SCOTUS allows ADEA Plaintiffs to pursue "disparate impact" claims; however Court will allow employers the easier to meet "reasonable factors other than age"defense from Wards Cove United States: Supreme Court Allows Disparate Impact Claims Under ADEA Vedder Price Law Firm U.S. Supreme Court decided on March 30, 2005 that a claimant may establish liability under the federal Age Discrimination in Employment Act (ADEA) even if there is no intent to discriminate. Smith v.
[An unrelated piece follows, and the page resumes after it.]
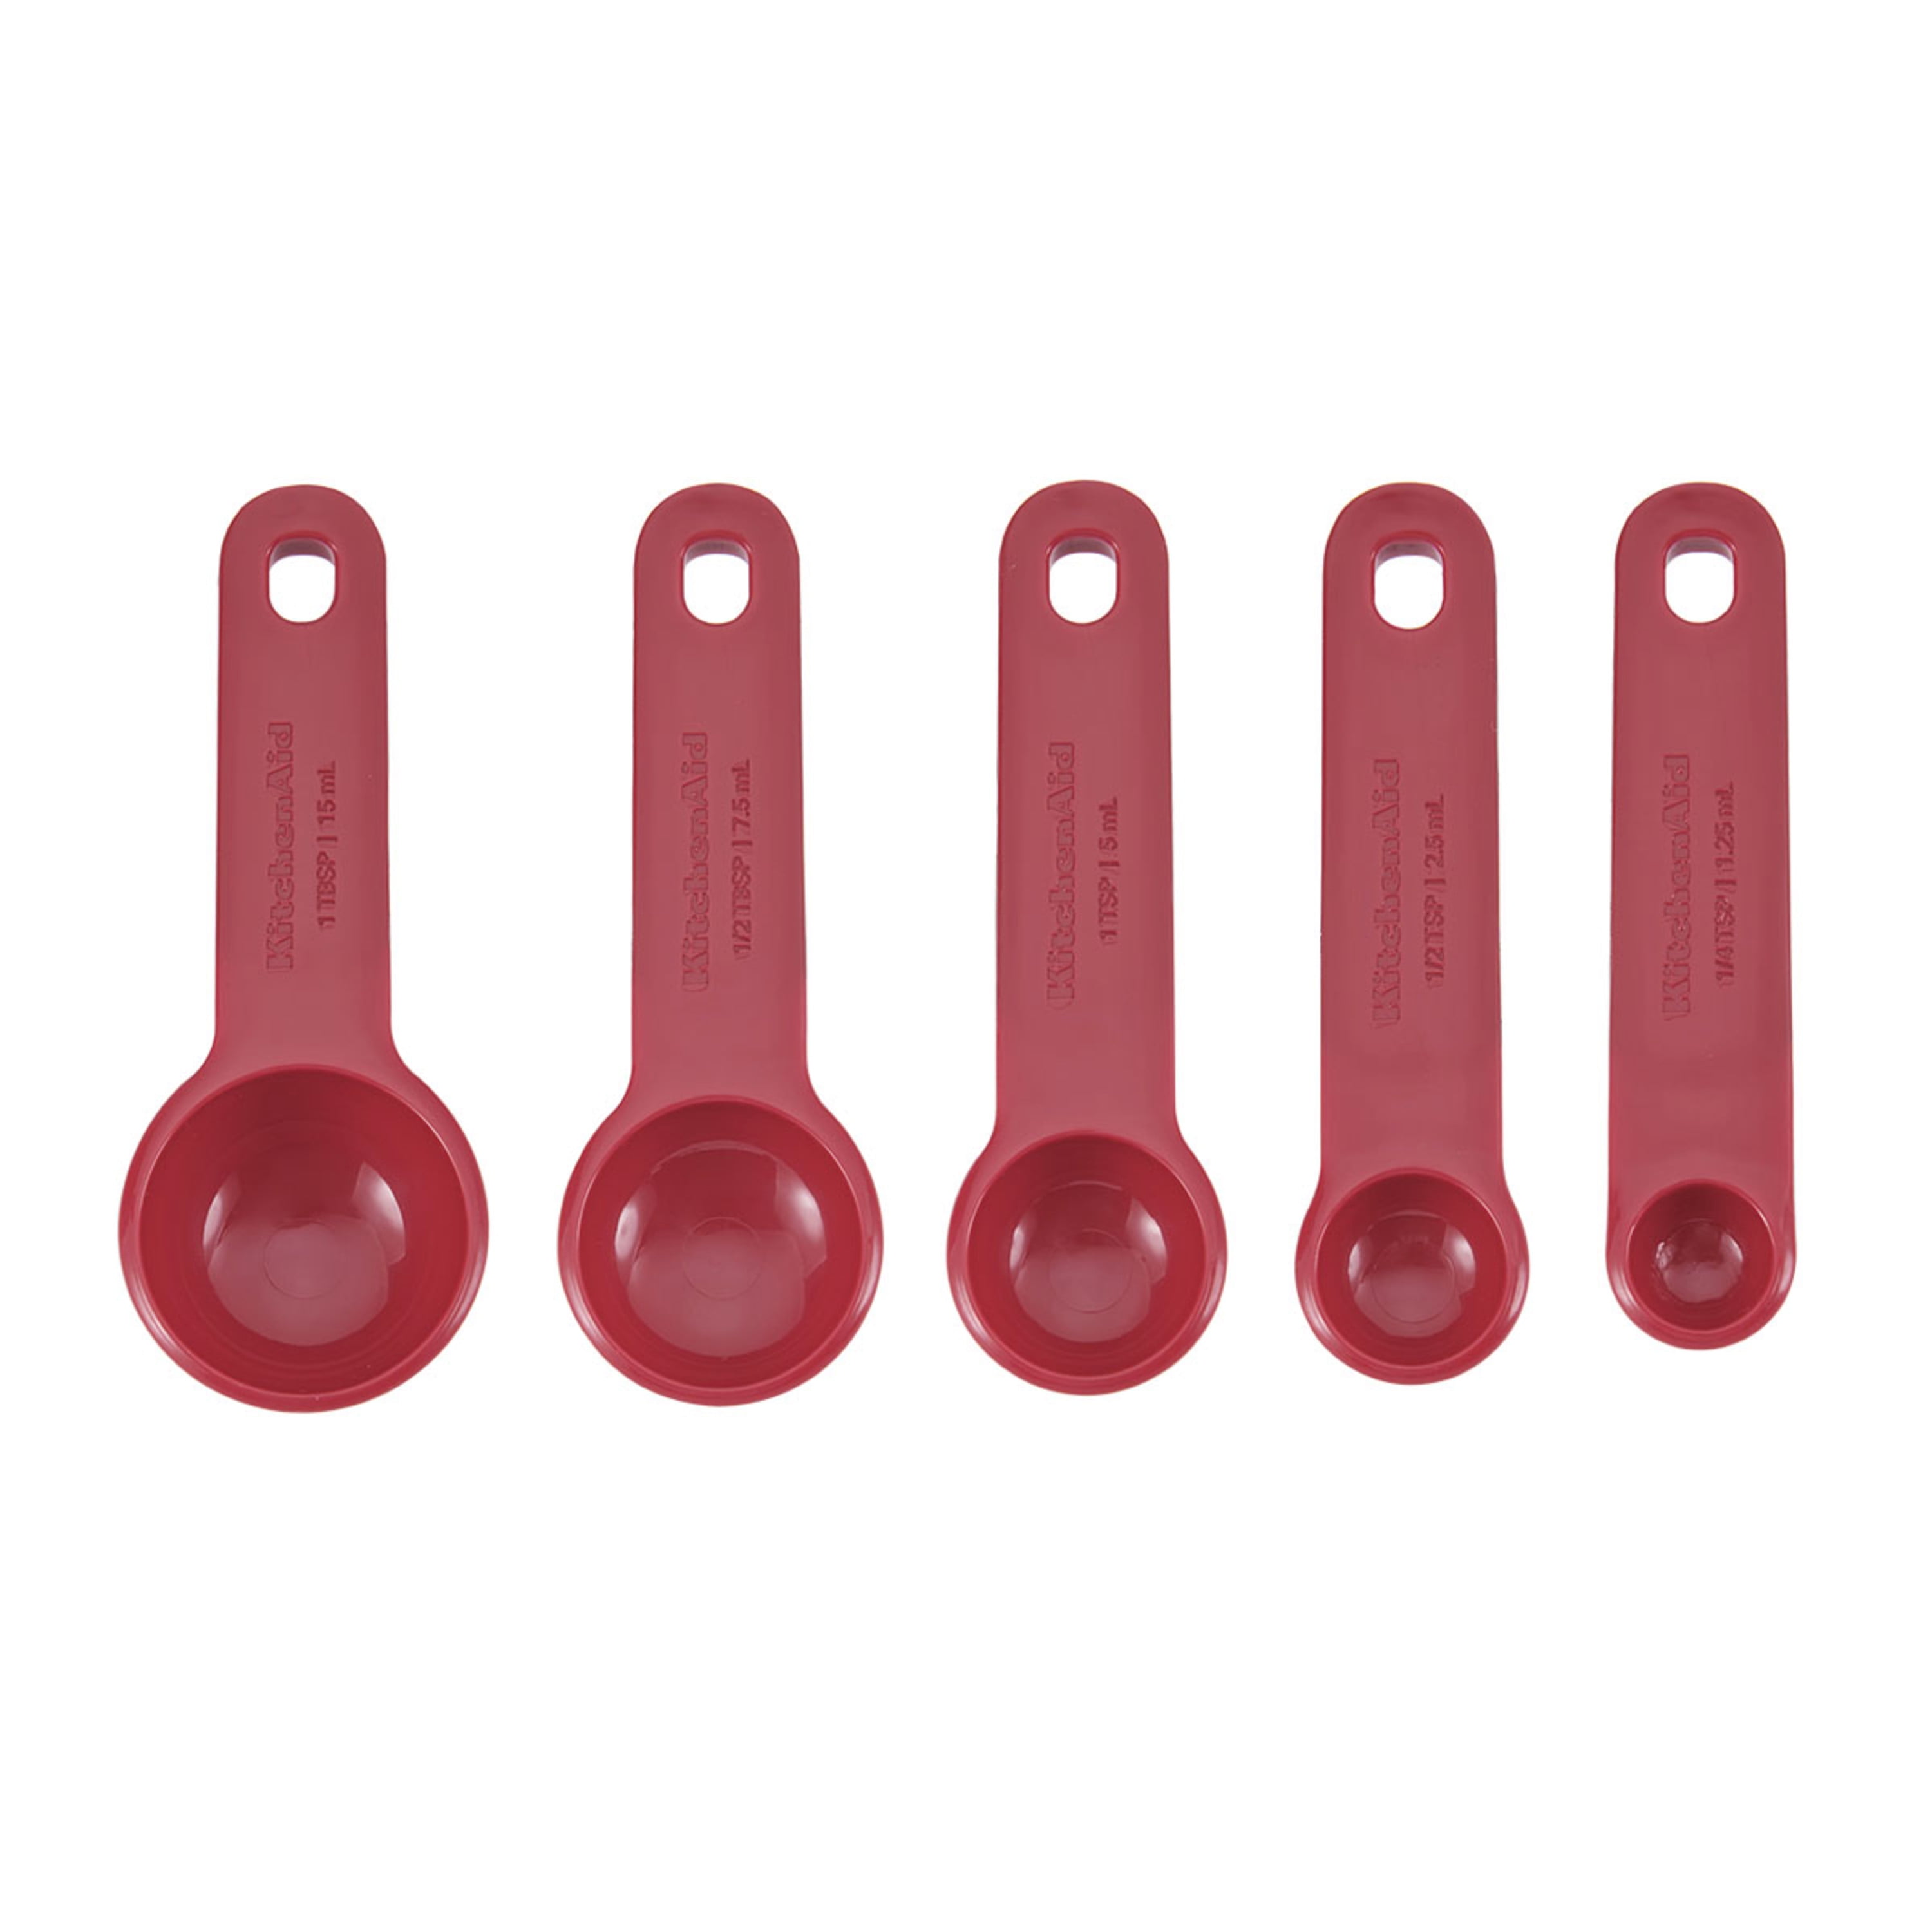 Custom Adjustable Measuring Spoon - Essential Kitchen Tool
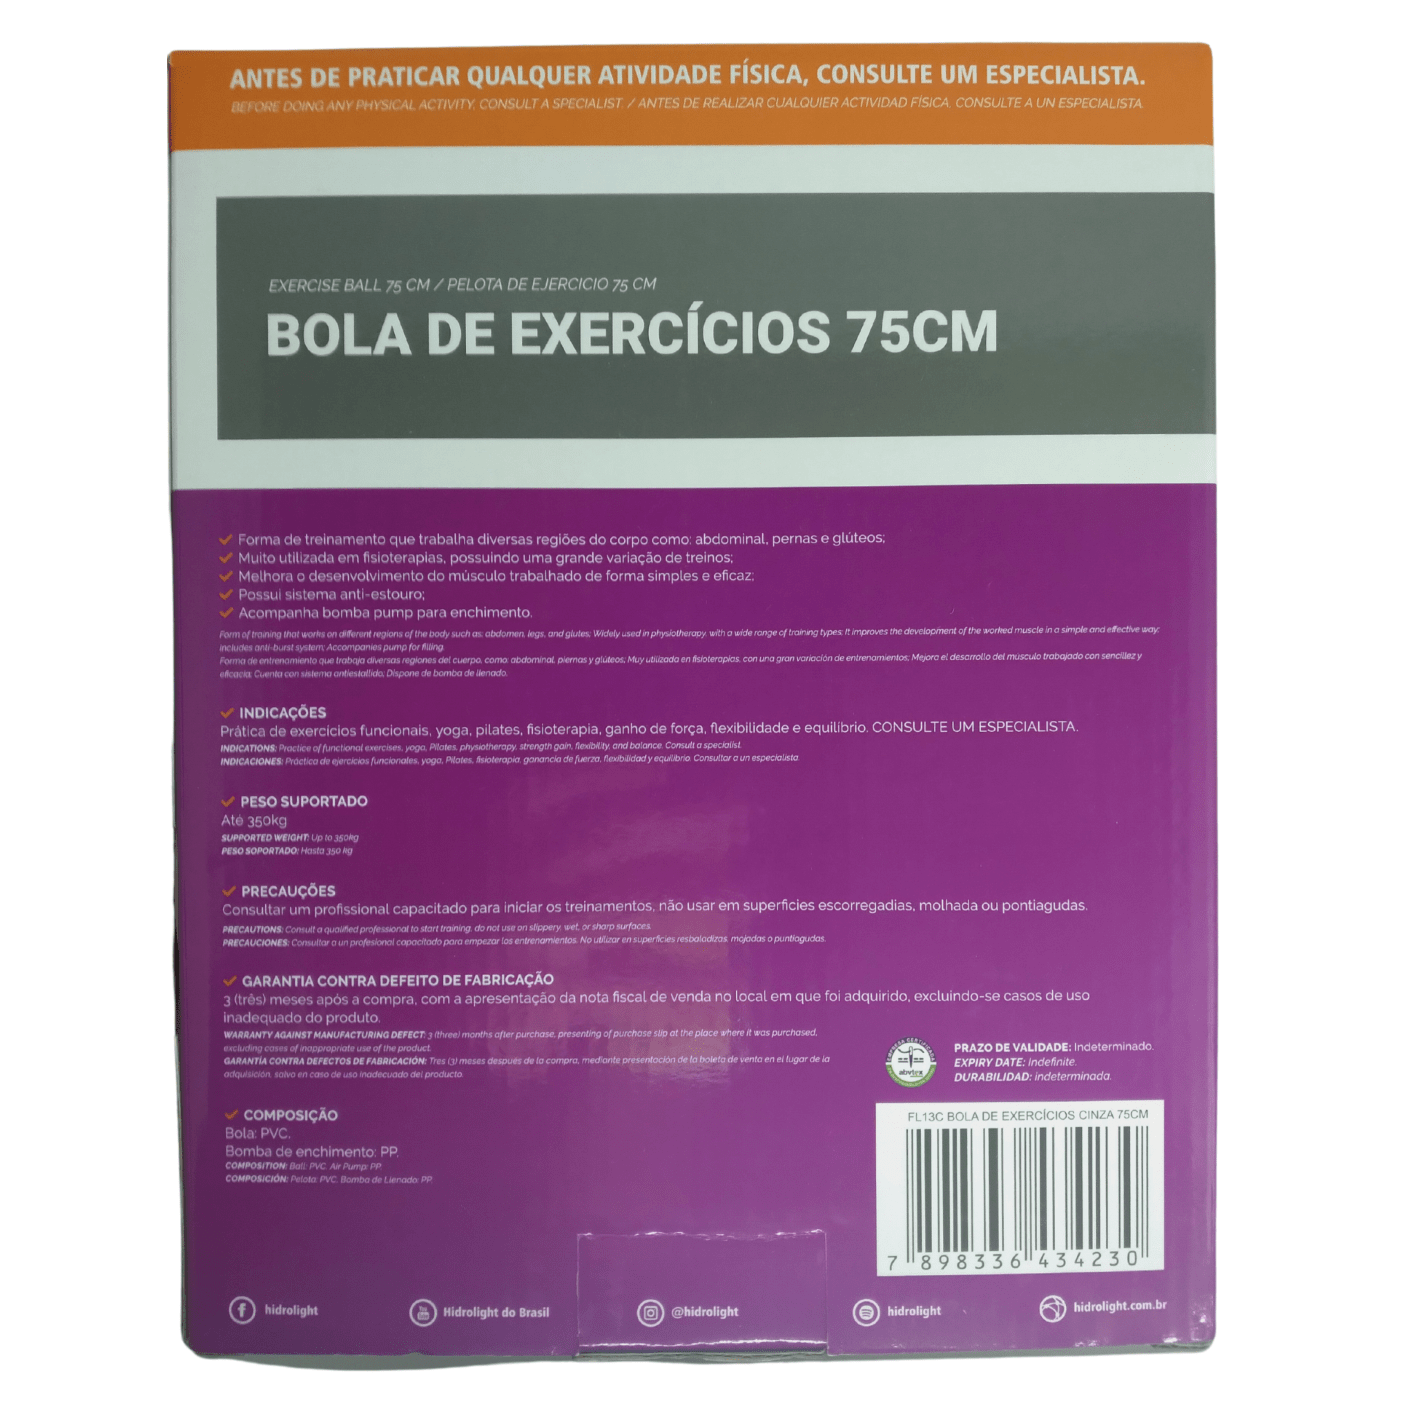 BOLA DE EXERCICIOS (65CM) HIDROLIGHT - NITRO suplementos alimentares,  creatinas, whey protein e acessórios

City of Jackson, Mississippi, No, 03-1160. "Although Title VII has been construed to prohibit facially neutral employment policies that have a disparate impact on minorities and women, the federal courts have been divided on whether the ADEA permits these type of claims. In 1993, the Supreme Court held that an employee who was discharged shortly before his pension would have vested did not state a cause of action under the ADEA. Hazen Paper v Biggins. Many federal courts interpreted that decision as disapproving of disparate impact liability under the ADEA." "The ADEA contains a provision not in Title VII which states that "any action otherwise prohibited [under ADEA]" is lawful "where the differentiation is based on reasonable factors other than age discrimination" (RFOA). The Court concluded that this provision could not be referring to intentional discrimination claims so it must be referring to disparate impact claims." 42 USC 2000-e-2(a)(2)and (k) "the Court decided that an employer can justify a policy that has a disproportionate adverse effect on older employees by showing the policy is based on "reasonable" non-age factors...thus handing the ADEA disparate impact plaintiffs a "Pyrrhic victory."